Administrator control and cost monitoring

Administrators manage user access and costs primarily through the compute pools associated with Streamlit apps.

A user’s role must have the USAGE privilege on a compute pool to create and run a Streamlit app in a workspace. In addition, the compute pool must allow the STREAMLIT workload type through the ALLOWED_SPCS_WORKLOAD_TYPES parameter. The default value for this parameter is ALL, which includes STREAMLIT.

To learn more about compute pool workloads, see Snowpark Container Services: Working with compute pools.

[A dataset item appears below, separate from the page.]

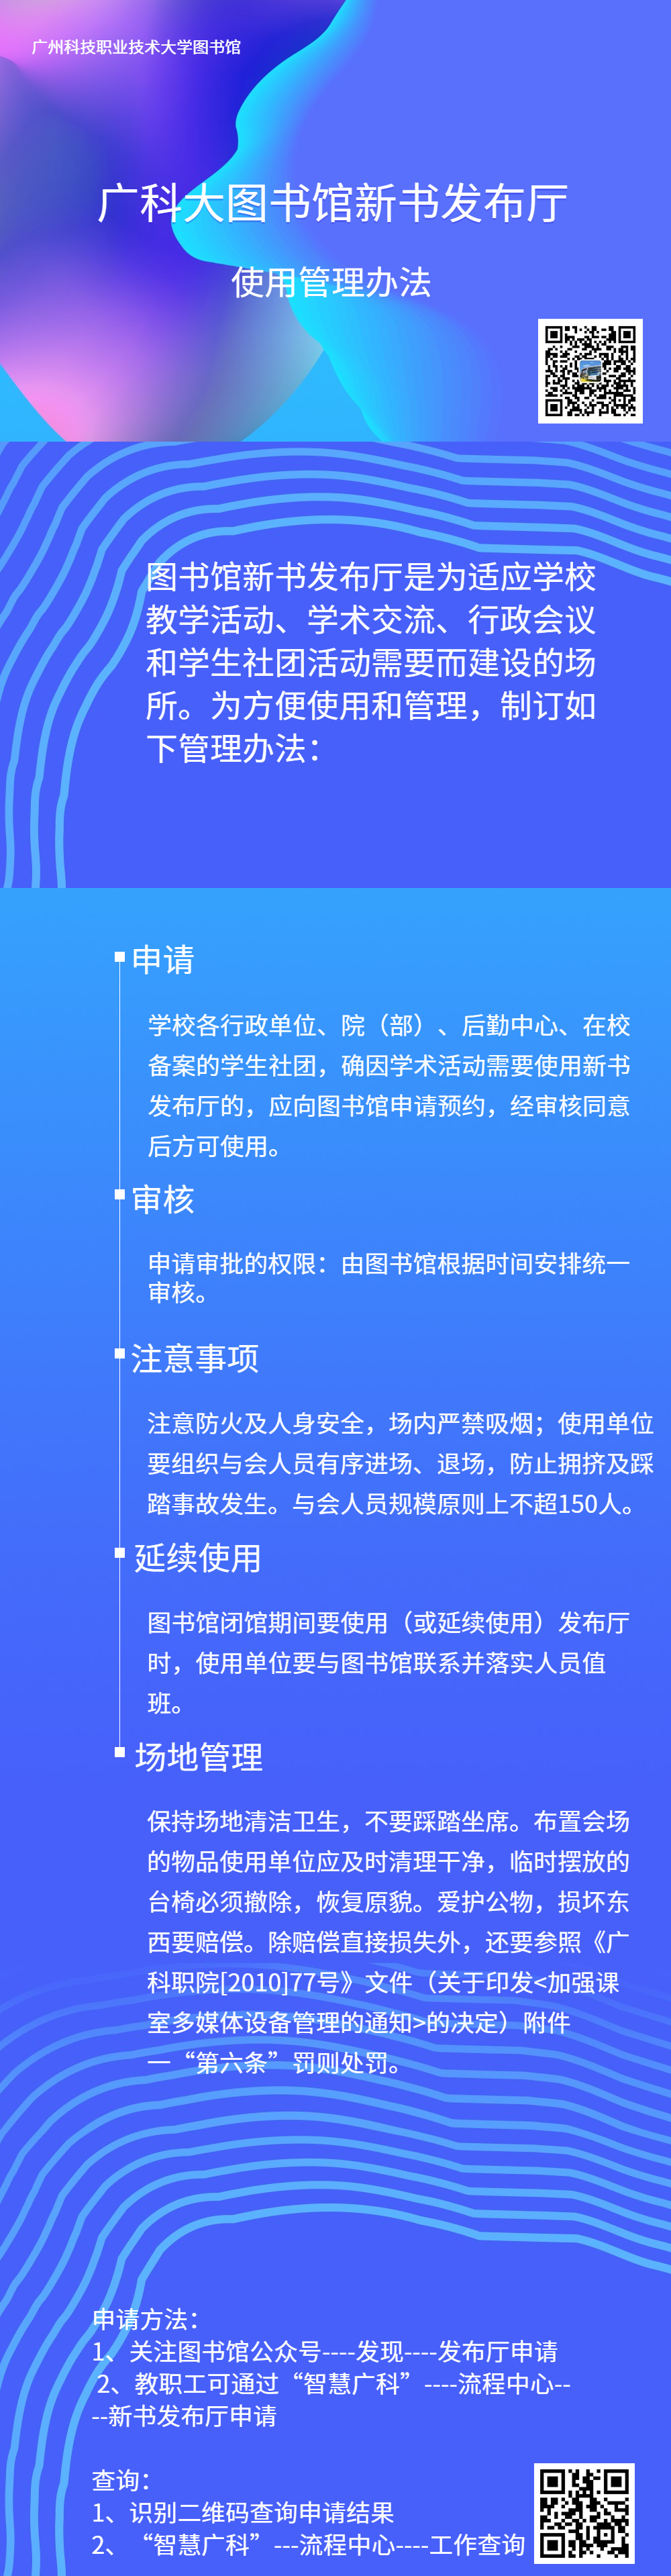 企业周报每日纪要文章长图 (3).png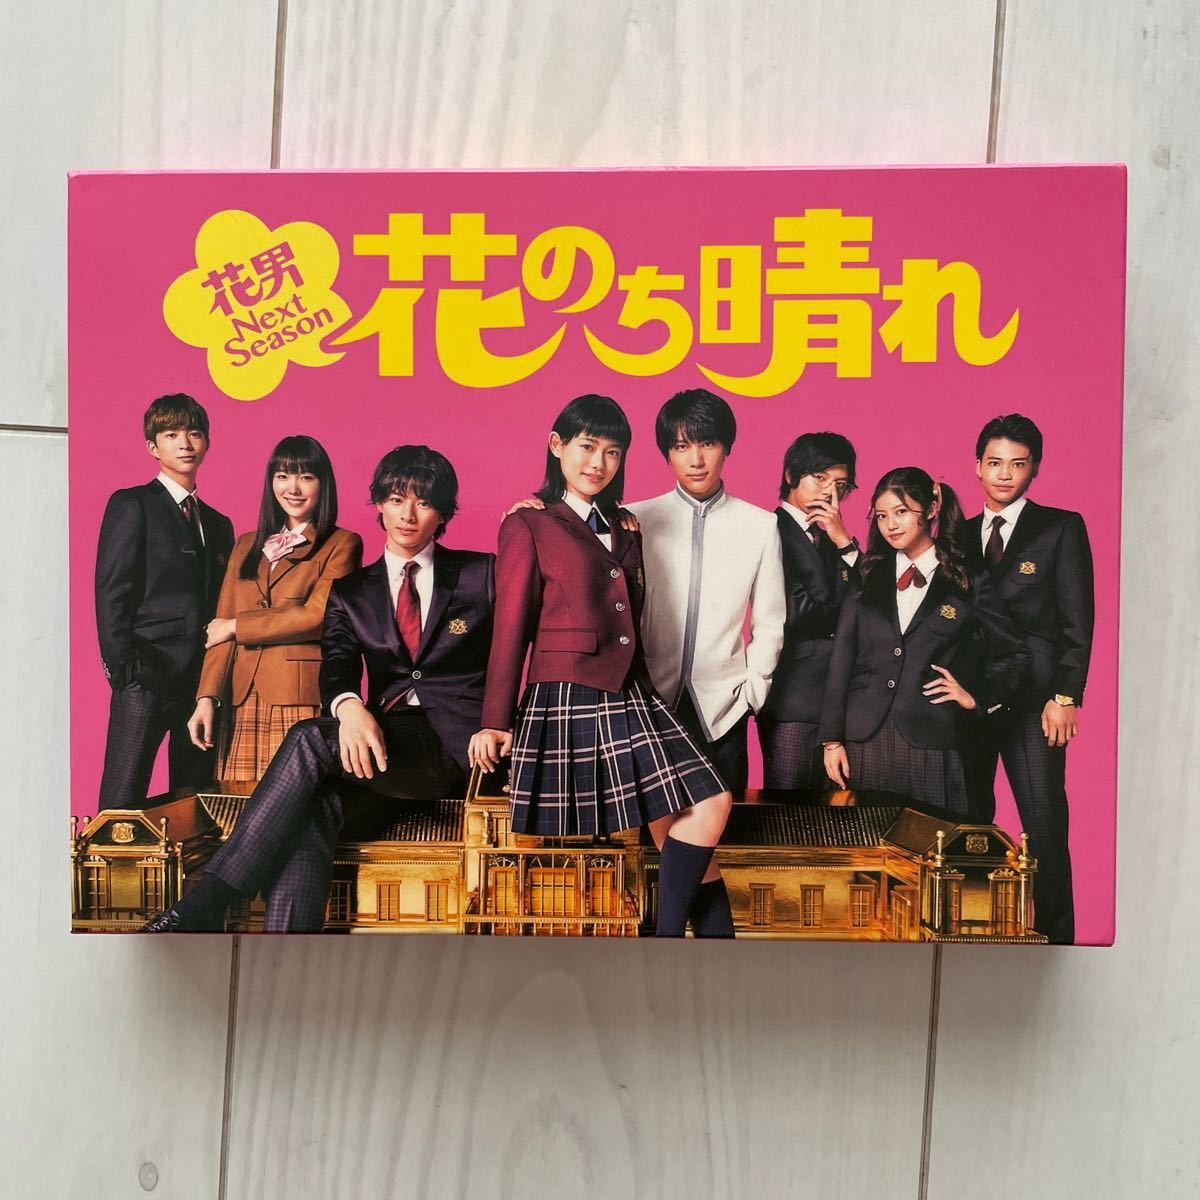 高価値セリー 花のち晴れ DVD-BOX アート/エンタメ/ホビー

Disable Streamlit app execution

Administrators can restrict Streamlit app execution in Workspaces in multiple ways:

Remove USAGE on the compute pool

Removing the USAGE privilege from a role on a compute pool prevents that role from using that compute pool, including running Streamlit apps.

Restrict workload types on all compute pools

Administrators can restrict Streamlit app execution while still permitting other workloads using two account-level parameters. This affects all roles in the account.

Any role that has USAGE on the compute pool can still run other allowed workload types as specified by the parameters.

Monitor costs

Administrators can monitor consumption per compute pool. Snowflake recommends provisioning a unique compute pool for each role to view role-level consumption. To manage spend, administrators can apply budgets on specific compute pools.